NVIDIA UFM Integration Plugin for Netris Controller¶
Overview¶
The Netris-UFM plugin provides seamless integration between Netris Controller and NVIDIA UFM (Unified Fabric Manager) for AI infrastructures with hybrid InfiniBand and Ethernet networks.

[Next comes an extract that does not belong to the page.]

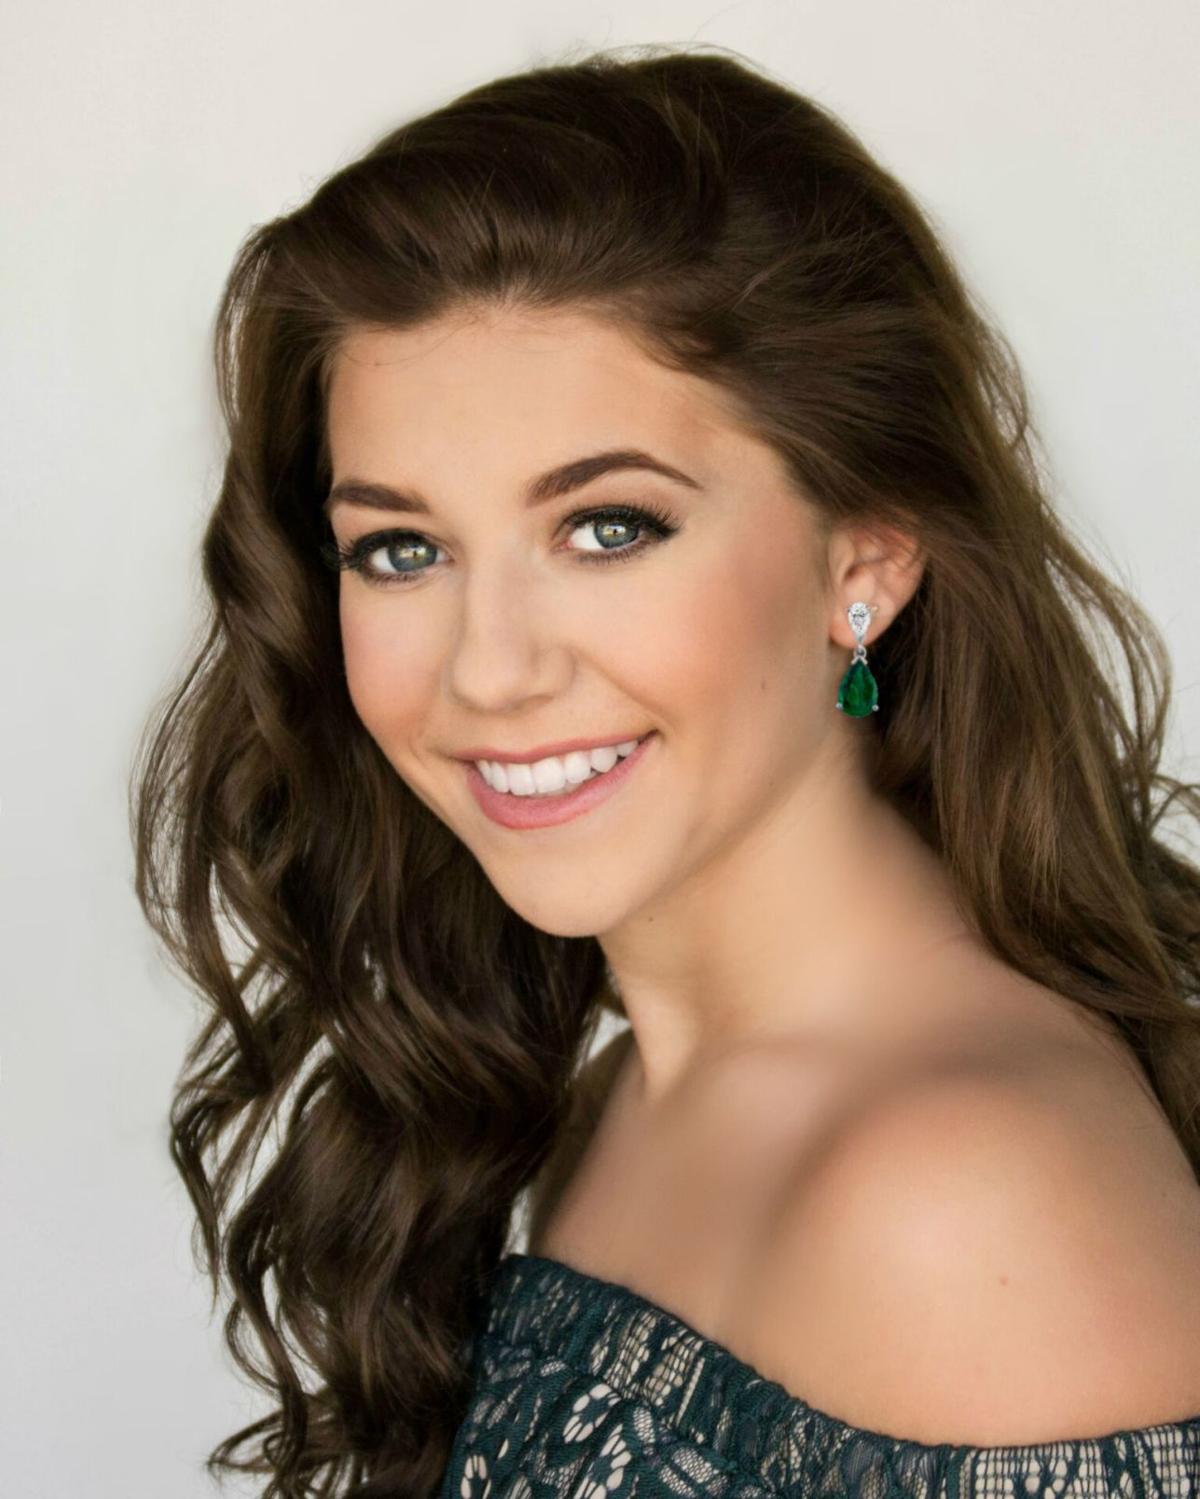 Miss Iowa S Outstanding Teen To Be Selected This Week At Adler Theatre Local News Qctimes Com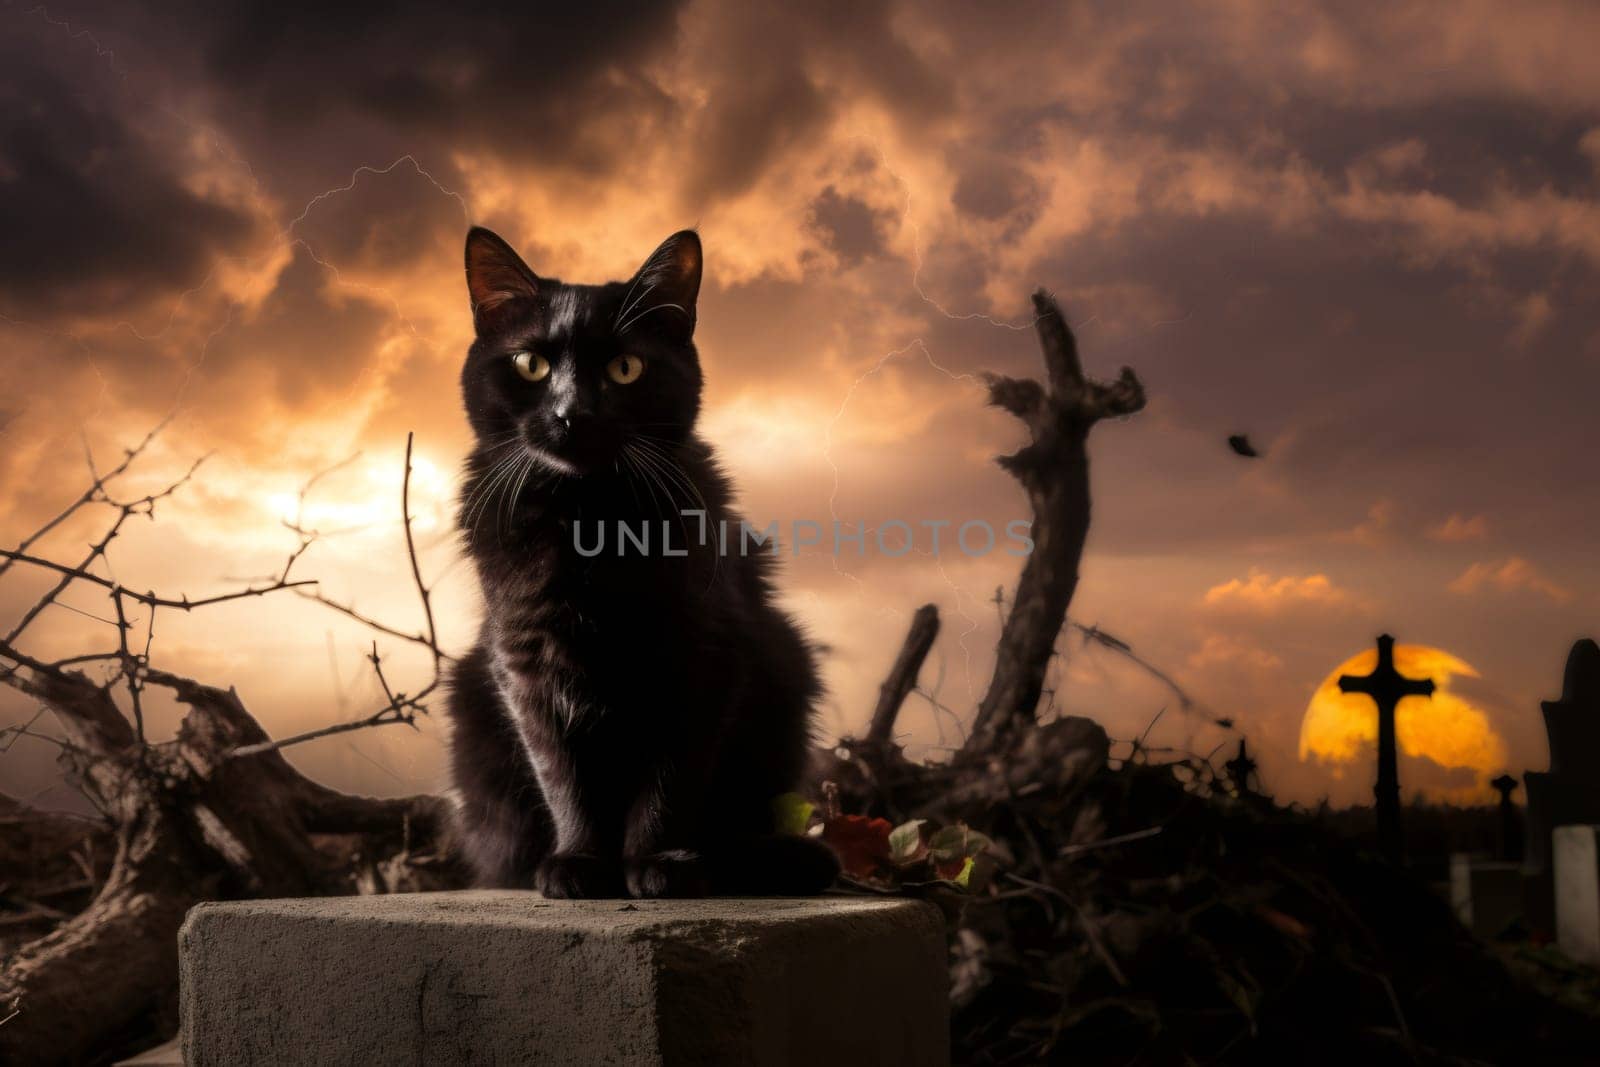 One black cat sits on a gravestone at night in a cemetery with crosses and a thunderstorm in the sky, close-up view.

This integration allows infrastructure operators to define compute multi-tenancy in a single place through Netris, significantly simplifying management across both network types.
Key Benefits¶
Unified Management Interface: Define tenant isolation by simply listing servers in a server-cluster object
Automated Provisioning: Automatically configure both Ethernet (via Netris) and InfiniBand (via UFM) networks
Simplified Operations: Eliminate the need to manage SwitchPorts, VLANs, VRFs on Ethernet and GUIDs, PKeys, SHARP groups on InfiniBand separately
Architecture¶
The Netris-UFM plugin acts as the integration layer between Netris Controller and NVIDIA UFM:
Netris Controller: Orchestrates the Ethernet switches and provides the primary user interface
NVIDIA UFM: Manages the InfiniBand switches and provides specialized InfiniBand functionality
Netris-UFM Plugin: Synchronizes configurations between both systems
When you define a server cluster in Netris, the plugin automatically:
Discovers InfiniBand port GUIDs from UFM
Creates and manages appropriate PKeys in UFM
Sets up SHARP reservations for high-performance operations
Prerequisites¶
Before installing the Netris-UFM plugin, ensure:
A functioning Netris Controller environment
A properly configured NVIDIA UFM installation
Network connectivity between both systems
Appropriate access credentials for both platforms
Installation¶
Option 1: Deploy within an existing Netris Controller Kubernetes cluster¶
This option is recommended if you already have a Netris Controller running in a Kubernetes environment.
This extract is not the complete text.